Build a REST API proxy to integrate MLflow without SDK dependencies.

Deep Dive

AWS Machine Learning teams often use MLflow to manage the ML lifecycle, but many enterprises face integration challenges due to security policies and network restrictions that prevent direct SDK usage. To address this, AWS published a post demonstrating how to build a secure, lightweight Flask-based MLflow proxy service that provides HTTPS access to Amazon SageMaker MLflow. The solution eliminates the need for the MLflow SDK, enabling organizations to integrate MLflow with existing systems while preserving their security and infrastructure patterns.

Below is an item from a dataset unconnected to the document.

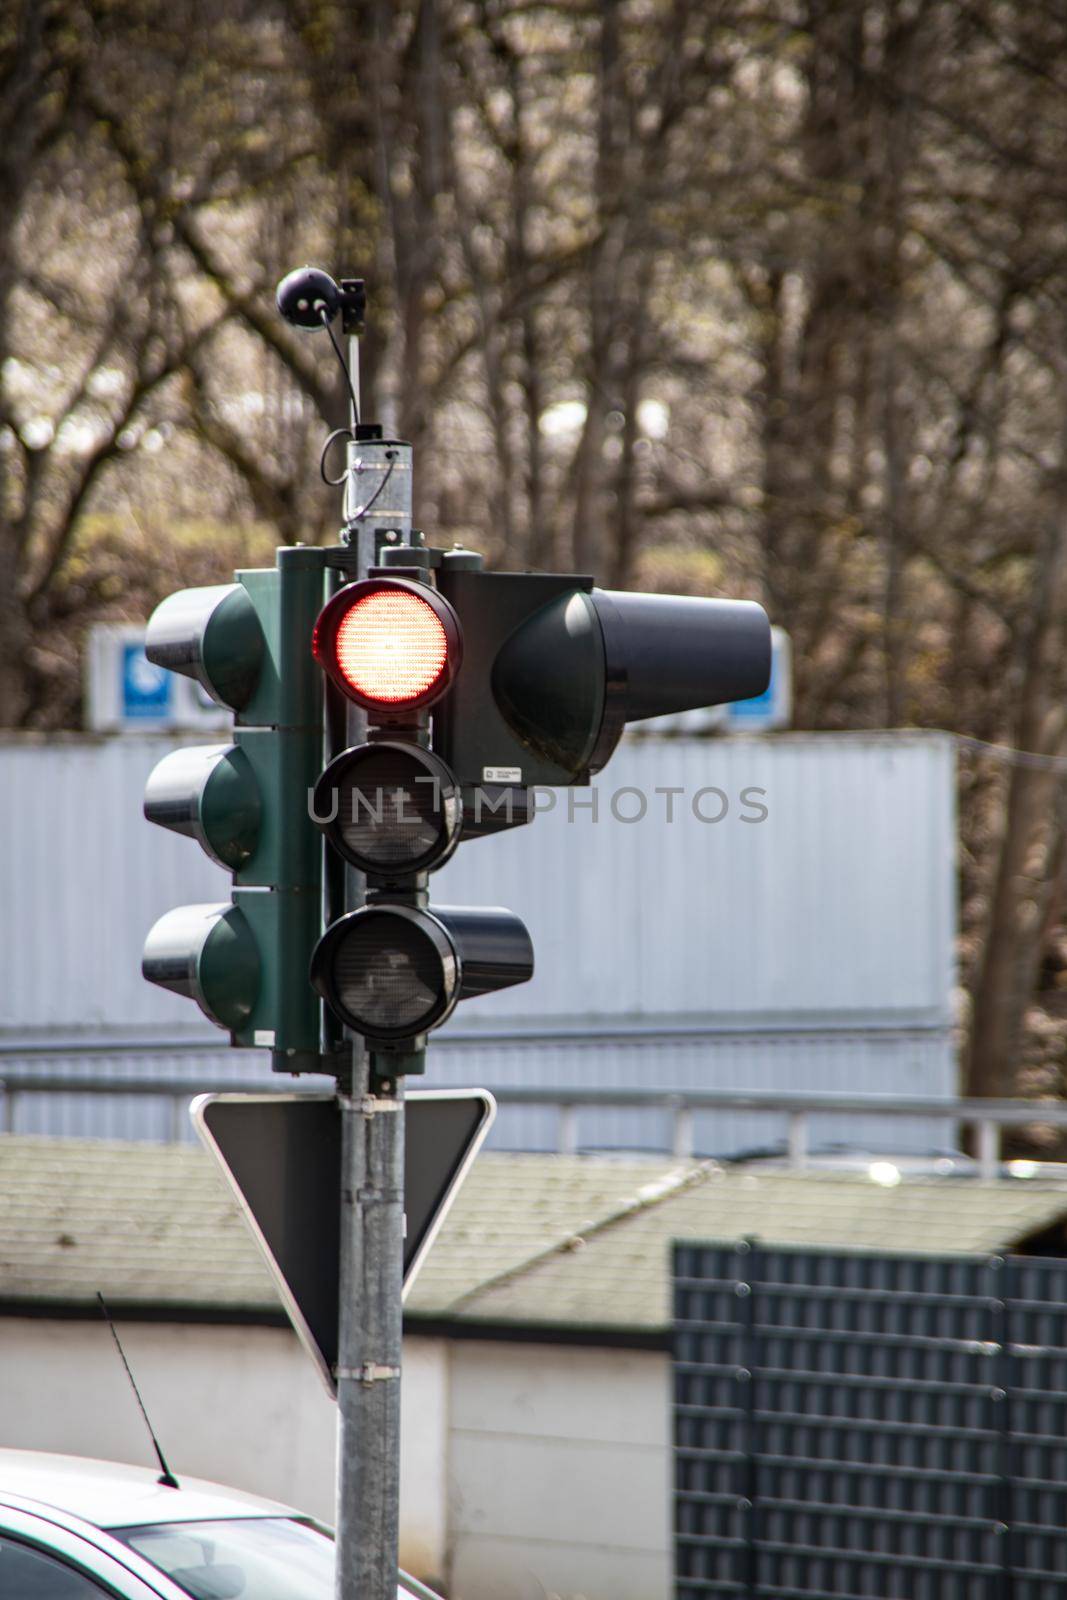 Traffic lights in road traffic by Dr-Lange

The architecture consists of three components: an AWS Application Load Balancer (ALB) for traffic distribution and SSL termination, a Python Flask application that handles authentication via AWS IAM, URL pre-signing, and request transformation, and Amazon SageMaker MLflow (both managed Tracking Server and serverless MLflowApp modes). The request flow involves clients sending HTTPS requests to the ALB, which routes them to the Flask proxy. The proxy transforms requests into authenticated AWS API calls, pre-signs URLs, and communicates with SageMaker MLflow endpoints. This setup allows secure, standards-based integration without modifying existing enterprise workflows, reducing implementation complexity and maintenance overhead.

Key Points
  • Flask-based proxy provides HTTPS access to SageMaker MLflow without the MLflow SDK
  • Uses ALB for traffic distribution, SSL termination, and custom domain support
  • Handles AWS IAM authentication and URL pre-signing for secure request transformation

Why It Matters

Enables enterprises to integrate SageMaker MLflow securely with legacy systems, bypassing SDK restrictions and maintaining compliance.